The highlight of the day, however, was observing the various Highland Games.  We arrived in time to watch the ladies competing in the sheaf toss (or "sheep" toss as I first thought they said!).  The rules are simple: use your pitchfork to toss a 7kg (16lb) burlap bag of straw above your head and over a horizontal bar.  Competitors have three chances to clear the height cleanly as the bar is raised ever higher, ultimately eliminating all but one.  It's amazing how fascinating it can be to watch men and women throw a burlap sack through the air! 

The hammer throws and weight toss were equally as amusing, but the big draw for the Highland Games is the caber toss.  You know, the "large men throwing things" part of any Celtic festival!  The word caber derives from the Gaelic word "cabar," which means a wooden beam.  Traditionally, a caber is 19.5 feet long piece of Larch wood.  While I can't vouch that the competitors were using Larch wood, I would say that it was approximately the correct length.  Like the other games, the caber toss is straightforward.  Fellow competitors or helpers hoist the caber to an upright position in front of the competitor and then step away, leaving him to manage it solo.  The competitor must then pick up the caber and attempt to flip it end-over-end, preferably landing it at the twelve o'clock position.  If none of the competitors are able to flip it over, then whoever's caber achieves the highest angle in air and lands closest to the twelve o'clock position will be deemed the winner.  It looks simple, but you try throwing a log like that!

All those games are sure to work up an appetite (being a spectator is serious business!), so belly up to the food carts for some haggis, fish and chips, shepherds pie, and other Celtic-inspired eats.  And as mentioned before, be sure to wash it down with a pint of Guinness to complete the experience.

Sated, entertained, and sunburned, we spent a few minutes browsing the wares (wish I'd come across the t-shirt emblazoned with "I Can't Keep Calm I'm Scottish" that a friend's husband sported at the festival!) before heading home.  As one friend put it, the Central Virginia Celtic Festival is no Renaissance Fair -- but the warmth and enthusiasm of the vendors, participants, and spectators will bring you back year-after-year like a family reunion that's open not only to those with a common heritage, but anyone who nods their head and taps those toes when the bagpipes start playing.

Sláinte!  Here's tae ye!

Have you visited Ireland or Scotland? Have you attended a Celtic Festival?

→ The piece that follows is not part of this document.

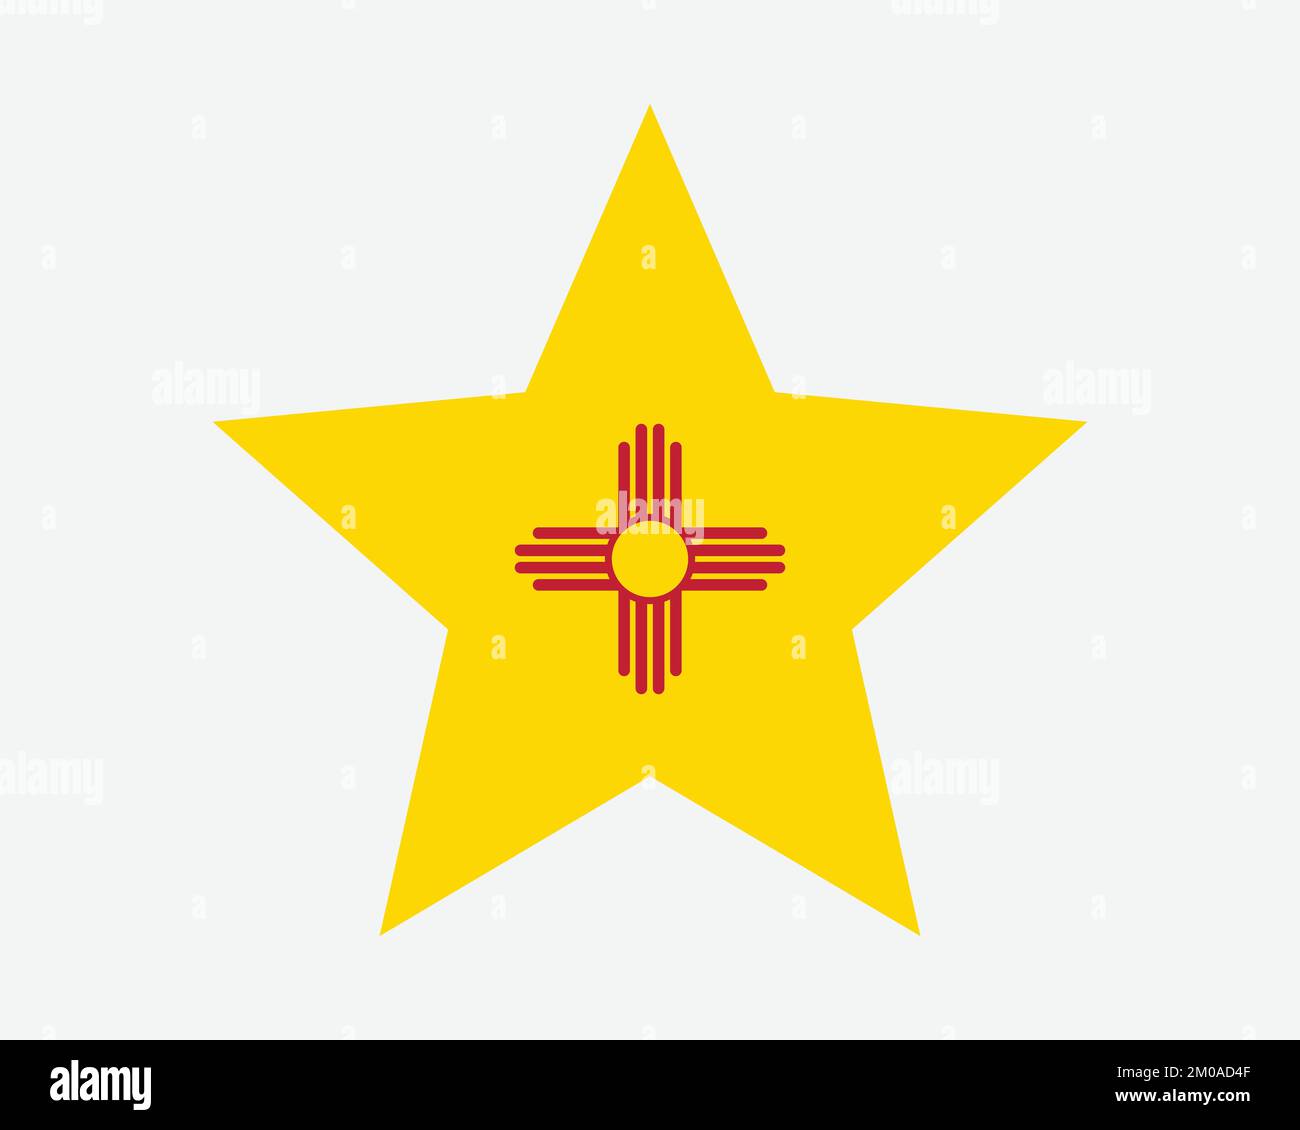 Bandiera a stella del New Mexico. BANDIERA di stato a forma di stella A CINQUE punti DEGLI STATI UNITI D'AMERICA. Illustrazione grafica dell'icona del nuovo banner americano messicano simbolo vettoriale piatto Illustrazione Vettoriale

  1. I have always been fascinated by Scottish clothing :) Have a wonderful weekend!

    1. Gotta love how plaid has become an everyday part of the fashion world even outside of Scotland. :)

  2. We almost left Edinburgh without hearing/seeing bagpipes.. but then we did! Never been to a Celtic festival though.

    1. That's awesome! I'd love to visit Edinburgh!

  3. That looks like a really fun event! I have no Irish or Scottish blood whatsoever, but I love Irish music and Irish dancing and I hope maybe some time I'll visit this festival.

    1. Cultural festivals are always fun, even if you have no direct relation to it!